Likewise, it is essential to answer the vexing question of what it means to evaluate Internet material “as a whole,” 47 U.S.C. § 231(e)(6)(A), (C), when everything on the Web is connected to everything else. As a general matter, “[t]he artistic merit of a work does not depend on the presence of a single explicit scene… . [T]he First Amendment requires that redeeming value be judged by considering the work as a whole. Where the scene is part of the narrative, the work itself does not for this reason become obscene, even though the scene in isolation might be offensive.” Ashcroft v. Free Speech Coalition, ante, at __ (slip op., at 10). COPA appears to respect this principle by requiring that the material be judged “as a whole,” both as to its prurient appeal, §231(e)(6)(A), and as to its social value, §231(e)(6)(C). It is unclear, however, what constitutes the denominator–that is, the material to be taken as a whole–in the context of the World Wide Web. See 31 F. Supp. 2d, at 483 (“Although information on the Web is contained in individual computers, the fact that each of these computers is connected to the Internet through World Wide Web protocols allows all of the information to become part of a single body of knowledge”); id., at 484 (“From a user’s perspective, [the World Wide Web] may appear to be a single, integrated system”). Several of the respondents operate extensive Web sites, some of which include only a small amount of material that might run afoul of the Act. The Attorney General contended that these respondents had nothing to fear from COPA, but the District Court disagreed, noting that the Act prohibits communication that “includes” any material harmful to minors. §231(a)(1). In the District Court’s view, “it logically follows that [COPA] would apply to any Web site that contains only some harmful to minors material.” 31 F. Supp. 2d, at 480. The denominator question is of crucial significance to the coverage of the Act.
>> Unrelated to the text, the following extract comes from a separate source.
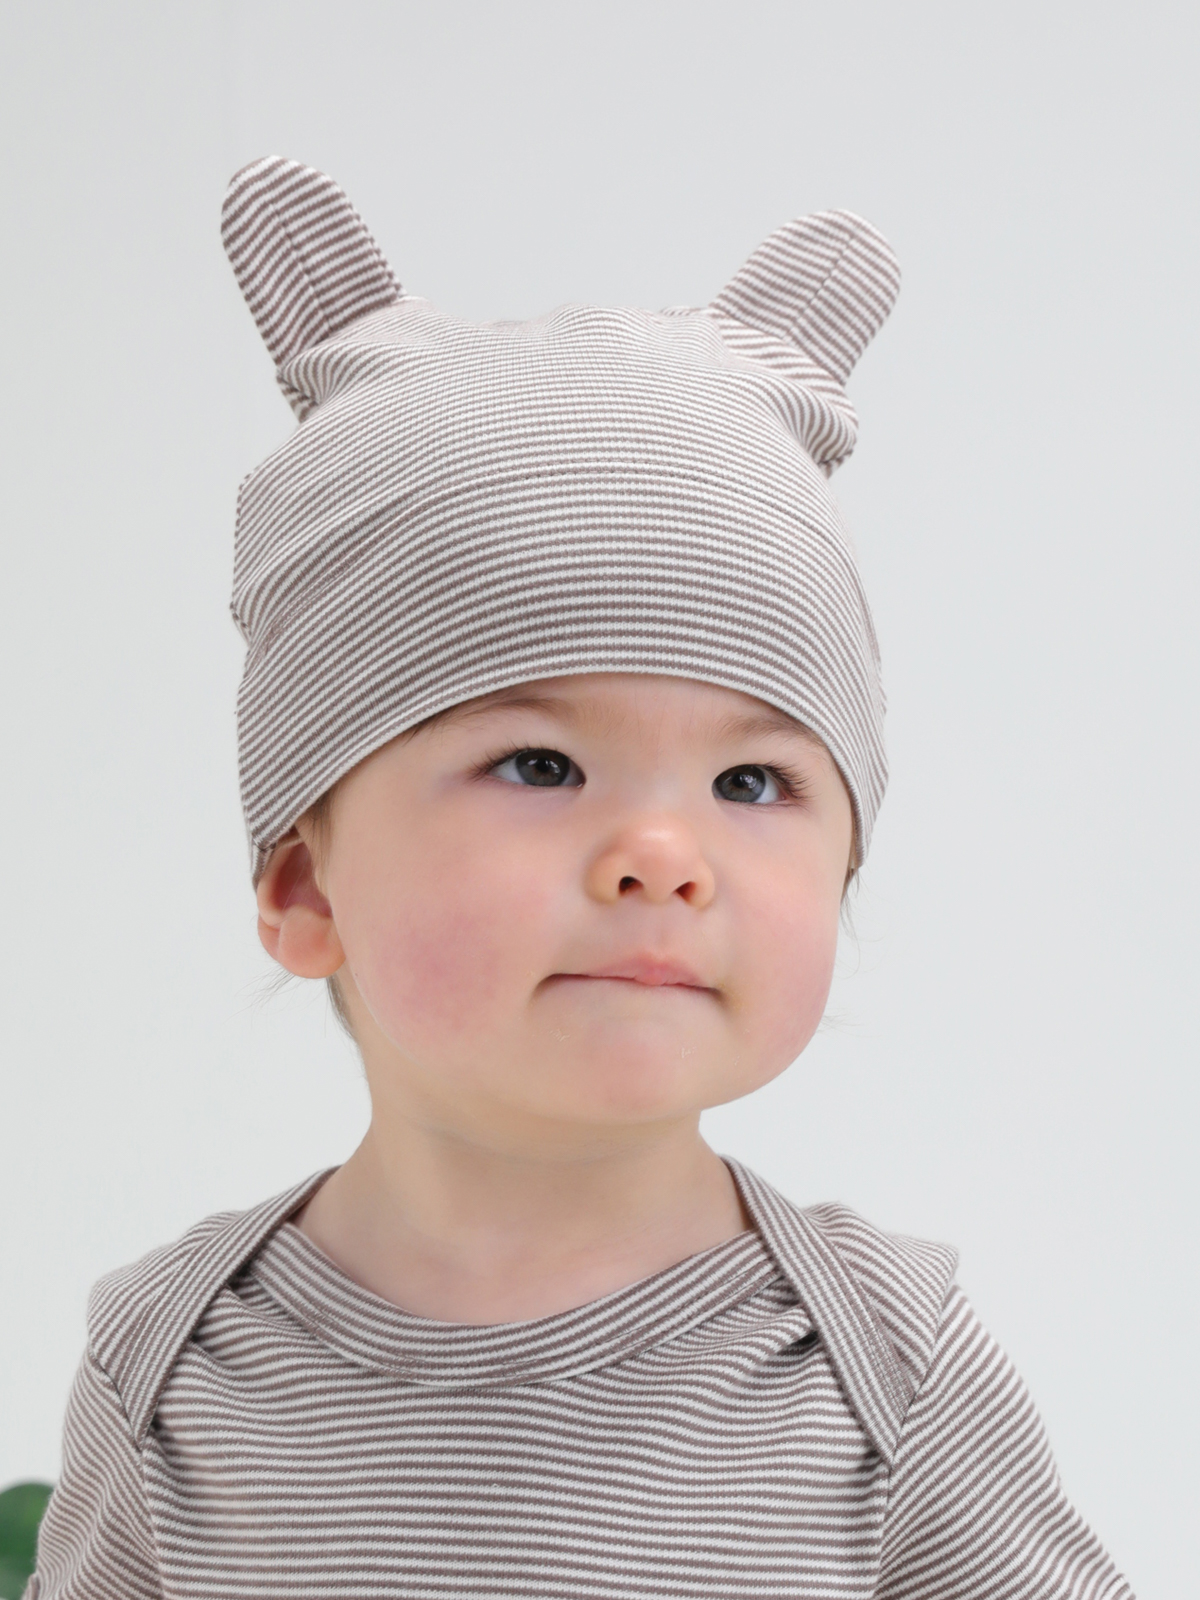 Cartoon Fancy Dress Baby Hat Babybugz Little Hat with Ears BZ51 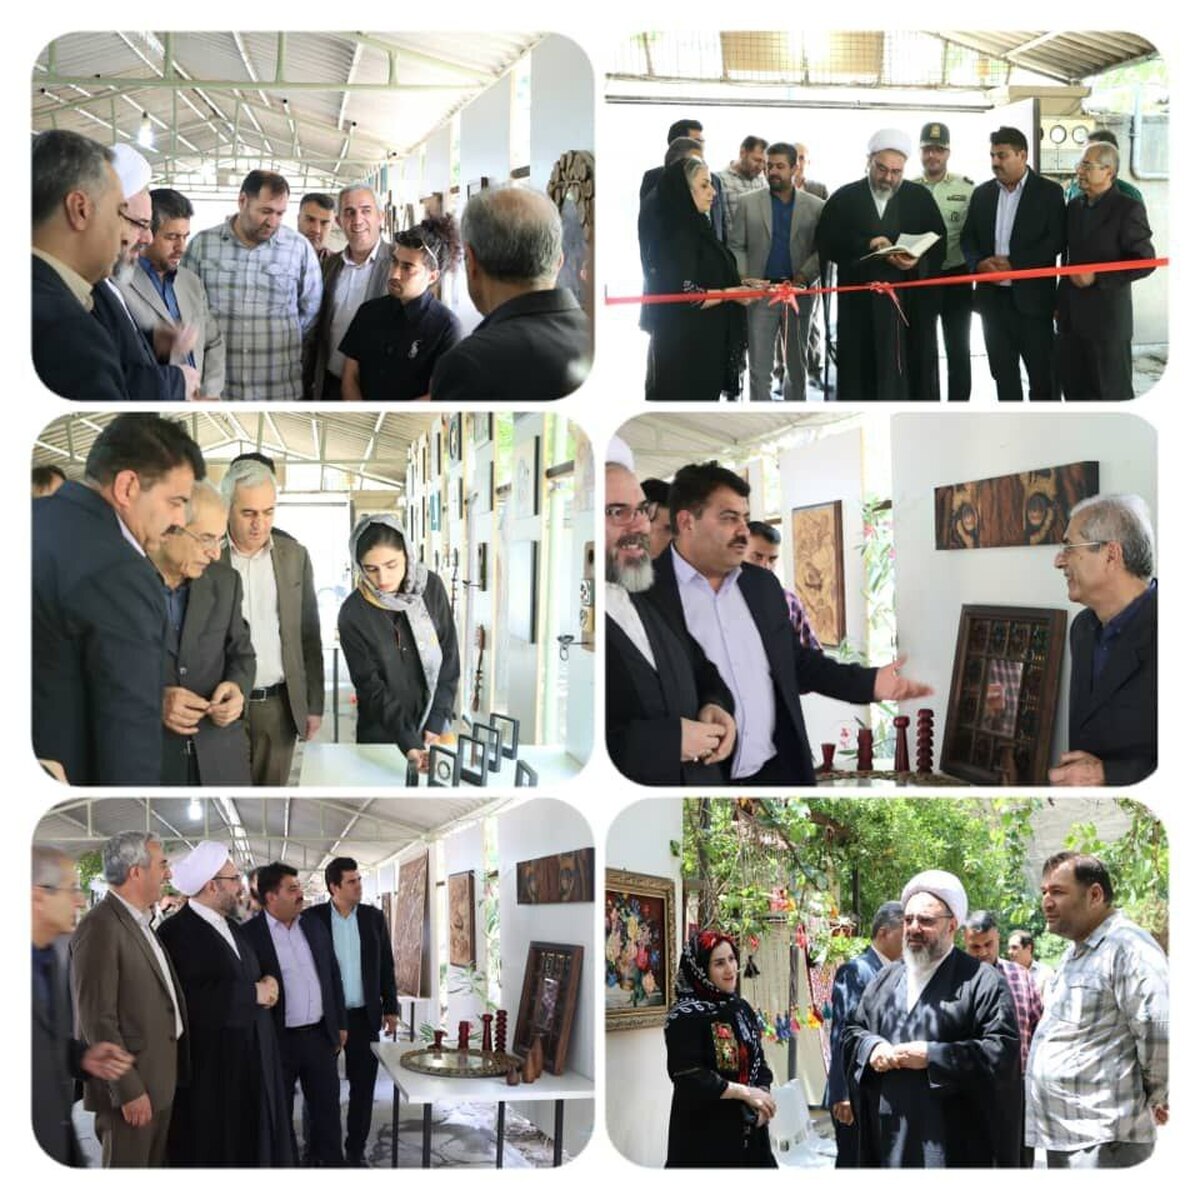 افتتاح نمایشگاه تخصصی هنرهای دستی و سنتی  "معرق و منبت" در شهر باغستان

Another issue is worthy of mention, because it too may inform whether the variation in community standards renders the Act substantially overbroad. The parties and the Court of Appeals did not address the question of venue, though it would seem to be bound up with the issue of varying community standards. COPA does not address venue in explicit terms, so prosecution may be proper “in any district in which [an] offense was begun, continued, or completed.” 18 U.S.C. § 3237(a). The Act’s prohibition includes an interstate commerce element, 47 U.S.C. § 231(a)(1), and “[a]ny offense involving … interstate … commerce … may be inquired of and prosecuted in any district from, through, or into which such commerce … moves.” 18 U.S.C. § 3237(a). In the context of COPA, it seems likely that venue would be proper where the material originates or where it is viewed. Whether it may be said that a Web site moves “through” other venues in between is less certain. And since, as discussed above, juries will inevitably apply their own community standards, the choice of venue may be determinative of the choice of standard. The more venues the Government has to choose from, the more speech will be chilled by variation across communities.

IV

In summary, the breadth of the Act depends on the issues discussed above, and the significance of varying community standards depends, in turn, on the breadth of the Act. The Court of Appeals was correct to focus on the national variation in community standards, which can constitute a substantial burden on Internet communication; and its ultimate conclusion may prove correct. There may be grave doubts that COPA is consistent with the First Amendment; but we should not make that determination with so many questions unanswered. The Court of Appeals should undertake a comprehensive analysis in the first instance.